This is just a draft now but please feel free to add falsehoods based on your own experiences. Examples are greatly appreciated.


Cheers,

Hernán



Reply | Threaded
Open this post in threaded view
|

Re: Falsehoods programmers believe about Smalltalk

Eliot Miranda-2
Hi Hernán,

On Sun, Jan 20, 2019 at 2:31 PM Hernán Morales Durand <[hidden email]> wrote:
Hi there,

I just created a GitHub repo to collect myths around Smalltalk-based technologies: Pharo, Squeak, VW, VAST, Smalltalk/X, GNU/ST, etc. in the spirit of the Falsehoods lists [1-4].

This is just a draft now but please feel free to add falsehoods based on your own experiences. Examples are greatly appreciated.

You want pull requests?  If not, would you give me write permission?  I'd love to add to the "Smalltalk is obsolete" section...
 



--
_,,,^..^,,,_
best, Eliot


Reply | Threaded
Open this post in threaded view
|

Re: Falsehoods programmers believe about Smalltalk

hernanmd

Done.

I have some possible myths, but I'd like to confirm or reject:

- All Smalltalk bytecode sets are stack-based VM. (?)
- Bytecodes are always fixed-size. (?)
- Most of the time spent by a VM is in the instruction interpreter. (actually it's in the GC right?)
- You cannot serialize objects containing blocks. (IIRC one can use MessageSends)
- Image cannot be bootstrapped. (This is possible in ST/X and now in Pharo I think).
- All Smalltalks includes UI classes. (GemStone doesn't have AFAIK).
- All implementations uses direct pointers, (GST?)
- All implementations uses green threads. (VAST? MT?)

I'm sure people in this list will have a lot more myths heard from Conferences, Forums, Videos, Talks, etc. Like the guy who said Smalltalk was dead. So if you did something which could be ignored publicly, please don't hesitate to reply or ping me to get added as collaborator.

Cheers,

Hernán



El dom., 20 ene. 2019 a las 22:41, Eliot Miranda (<[hidden email]>) escribió:
Hi Hernán,

On Sun, Jan 20, 2019 at 2:31 PM Hernán Morales Durand <[hidden email]> wrote:
Hi there,

I just created a GitHub repo to collect myths around Smalltalk-based technologies: Pharo, Squeak, VW, VAST, Smalltalk/X, GNU/ST, etc. in the spirit of the Falsehoods lists [1-4].

This is just a draft now but please feel free to add falsehoods based on your own experiences.
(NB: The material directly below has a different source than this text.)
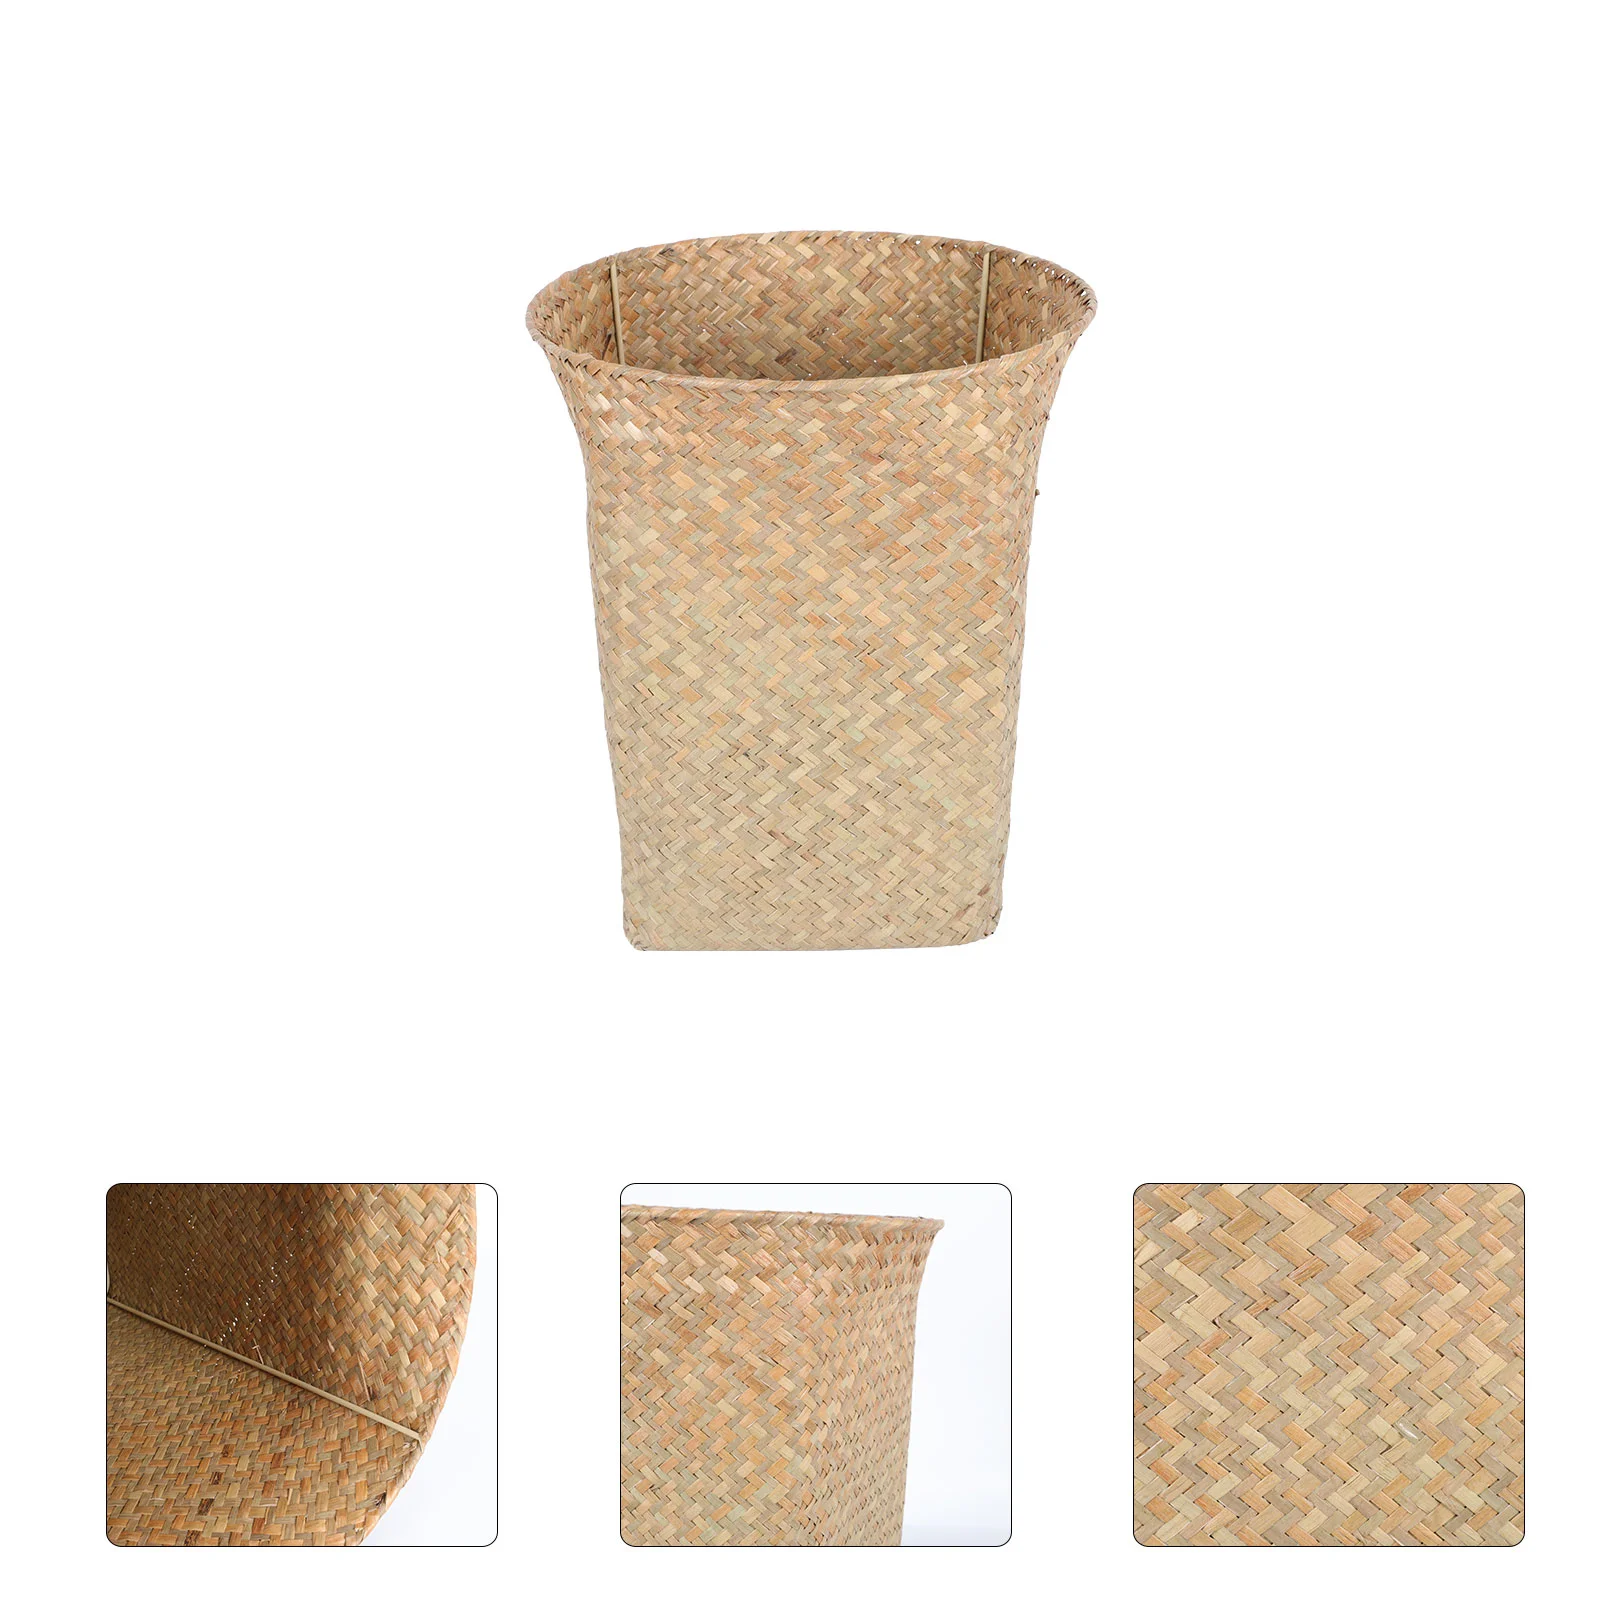 

Basket Can Trash Waste Woven Storage Bin Rattan Wicker Garbage Rubbish Seagrass Straw Wastebasket Container Baskets Paperlaundry

Examples are greatly appreciated.

You want pull requests?  If not, would you give me write permission?  I'd love to add to the "Smalltalk is obsolete" section...
 



--
_,,,^..^,,,_
best, Eliot


Reply | Threaded
Open this post in threaded view
|

Re: Falsehoods programmers believe about Smalltalk

Jecel Assumpcao Jr
Hernán Morales Durand wrote on Mon, 21 Jan 2019 18:13:45 -0300
> I have some possible myths, but I'd like to confirm or reject:
>
> - All Smalltalk bytecode sets are stack-based VM. (?)
> - Bytecodes are always fixed-size. (?)

SOAR (Smalltalk On A RISC, now renamed as RISC-III) used a 32 bit
register based instruction set and Smalltalk sources were translated to
that. They did regret dumping bytecodes later in their project as some
things became more complicated and the increase in memory use was very
expensive at that time.

https://apps.dtic.mil/dtic/tr/fulltext/u2/a172800.pdf

SOM (Simple Object Machine) is a set of Smalltalk VMs where some of them
represent code as abstract syntax trees instead of bytecodes.

http://som-st.github.io/
http://www.hpi.uni-potsdam.de/hirschfeld/projects/som/

> - Most of the time spent by a VM is in the instruction interpreter. (actually it's in the GC right?)

That will vary from one VM to another. On page 179 of the "green book"
you can see a nice graph of the space and time used by different part of
the Apple Smalltalk (from which Squeak evolved) and on page 177 you can
find the numbers used to create the chart.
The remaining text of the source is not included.